The Pogues

From Academic Kids

The Pogues were a popular Irish folk rock band of the 1980s and 90s. They had a strong following, providing music which remains largely unique to this day.

The Pogues were founded in London in 1982 as Pogue Mahone — "pogue mahone" being the Anglicization of the Irish póg mo thóin, meaning "kiss my arse." The band specialised in Irish folk music often played with the energy of the punk rock scene from which several of the members had their roots.

Their politically-tinged music was reminiscent of The Clash, with whom they played (Joe Strummer produced one of their albums), and utilised traditional Irish instruments such as the tin whistle, banjo mandolin, accordion, and more. In the later incarnations of the band, after the departure of Shane MacGowan, electronic instruments such as the electric guitar would become more prevalent.

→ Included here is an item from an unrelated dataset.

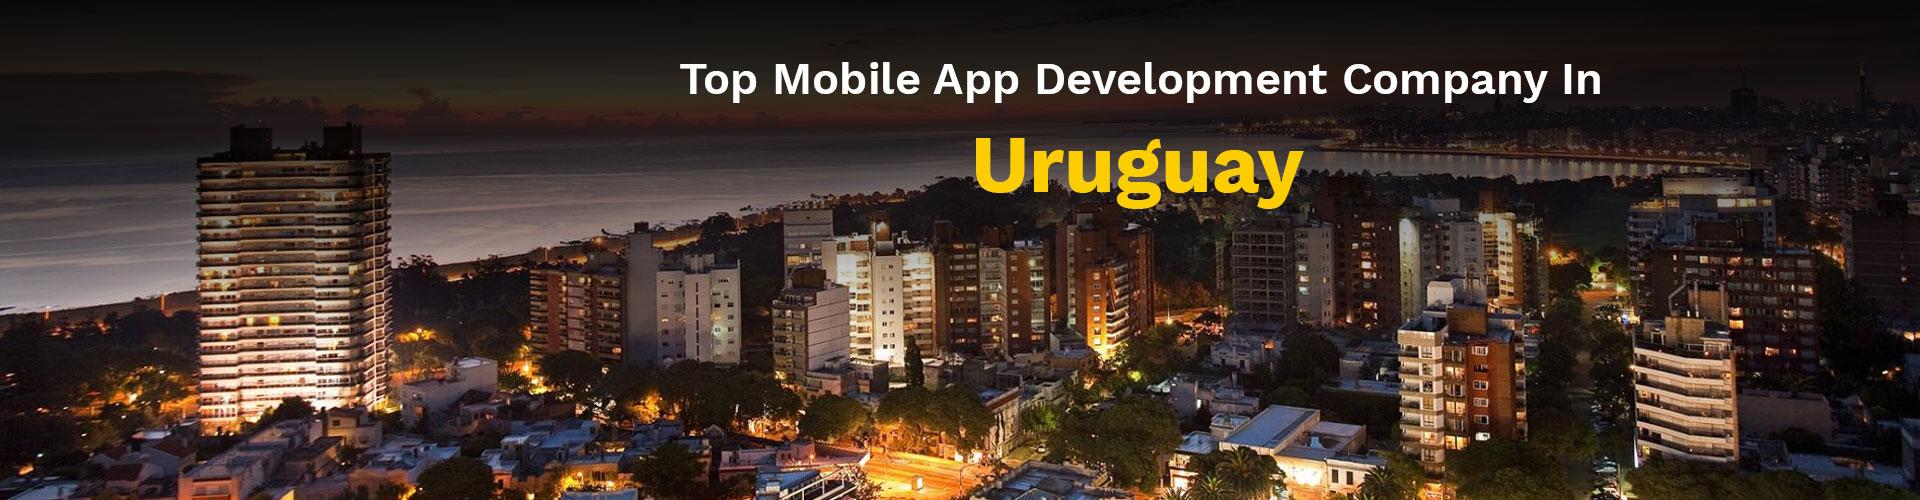 mobile app development company uruguay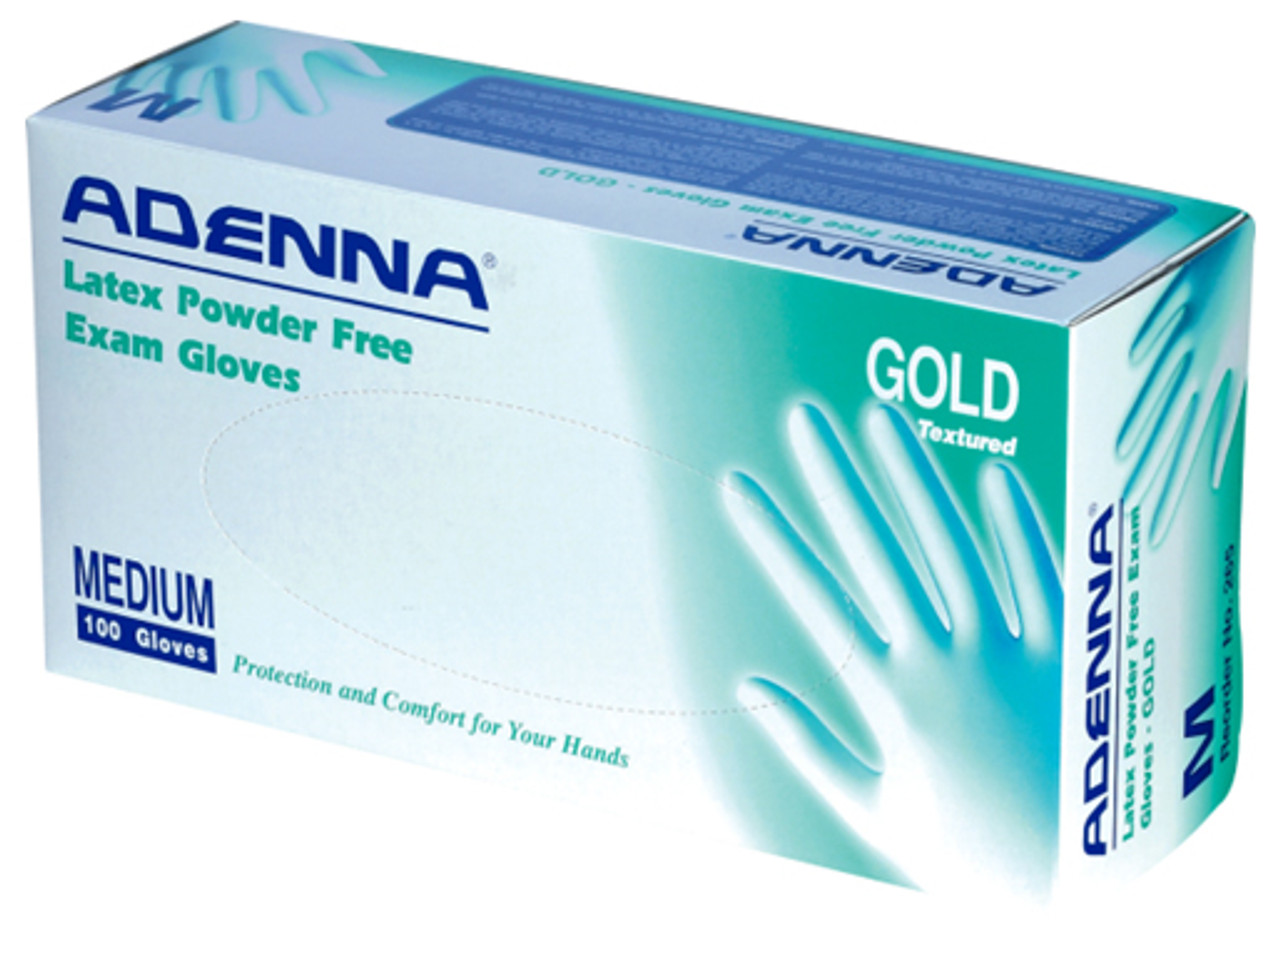 Adenna Gold Latex Powder-Free Exam Gloves 100/Box

Shane MacGowan (vocals), Jim Fearnley (accordion) and Spider Stacy (tin whistle) were the original members of the Pogues, in the days when they busked on the streets of London. During this time they added Jeremy 'Jem' Finer (guitar, banjo), Cait O'Riordan (bass) and Andrew Ranken (drums). The band rapidly developed a reputation, started releasing some indie work, and ended up opening for The Clash on tour in 1984. Shortening their name to "The Pogues" due to lack of radio play for the curse in their name, they released their first album Red Roses for Me in 1985.

Phil Chevron (guitar) joined the group soon after, then with the aid of punk and new wave forefather Elvis Costello they recorded the follow up, Rum Sodomy & the Lash, in 1985 (The album title is a reply attributed to Winston Churchill and others in describing the Royal Navy). The album cover featured The Raft of the Medusa, though the faces on the characters in Géricault's painting have been replaced with those of the band members. While the first album had featured a higher percentage of traditional songs, Shane MacGowan came into his own as a songwriter with this disc, offering up remarkable pieces of poetic story-telling, such as "The Sick Bed of Cúchulaínn" and "The Old Main Drag," as well as definitive interpretations of Ewan MacColl's "Dirty Old Town" and Eric Bogle's "And the Band Played Waltzing Matilda," the latter of which has become more popular than the original recording.

The band failed to take advantage of the momentum created by the strong artistic and commercial success of their second album. They first refused to record another album (offering up the 4 track EP Poguetry in Motion instead); O'Riordan married Costello and left the band, to be replaced by bassist Darryl Hunt; and they added a multi-instrumentalist in Terry Woods, fomerly of Steeleye Span. Looming over the band at this period (as throughout their entire career) was the increasingly erratic behaviour of their vocalist, principal songwriter and creative visionary, Shane MacGowan.

They managed to get things together to record If I Should Fall from Grace with God in 1988 (with its Christmas hit duet with Kirsty MacColl "Fairytale of New York") and 1989's Peace and Love. The band was at the peak of its commercial success, but MacGowan was spiralling out of control (especially notable during an appearance on the US Saturday Night Live). Their next album Hell's Ditch, produced by The Clash's Joe Strummer, featured Stacy and Finer handling some of the vocal duties. MacGowan and the band parted company in 1991.

With his departure, the band was thrown into a state of flux. Without their singer, vocal duties were for a time handled by Joe Strummer, before Stacy finally took over permanently. Two politely received but disappointing albums followed until 1996 when the Pogues disbanded. Though he came with strings attached, few would argue that without MacGowan, The Pogues were a band lacking a leader and in search of creative direction.

Shane MacGowan remains the sole member of the band in the spotlight, having founded The Popes (AKA Shane MacGowan and The Popes) in 1994. His autobiography, A Drink With Shane MacGowan, co-written with his journalist girlfriend appeared in 2001.

The band, including MacGowan, re-formed for a Christmas tour in 2001 and performed 9 shows in the UK in December 2004. In 2002 Q magazine named The Pogues as one of the "50 Bands To See Before You Die".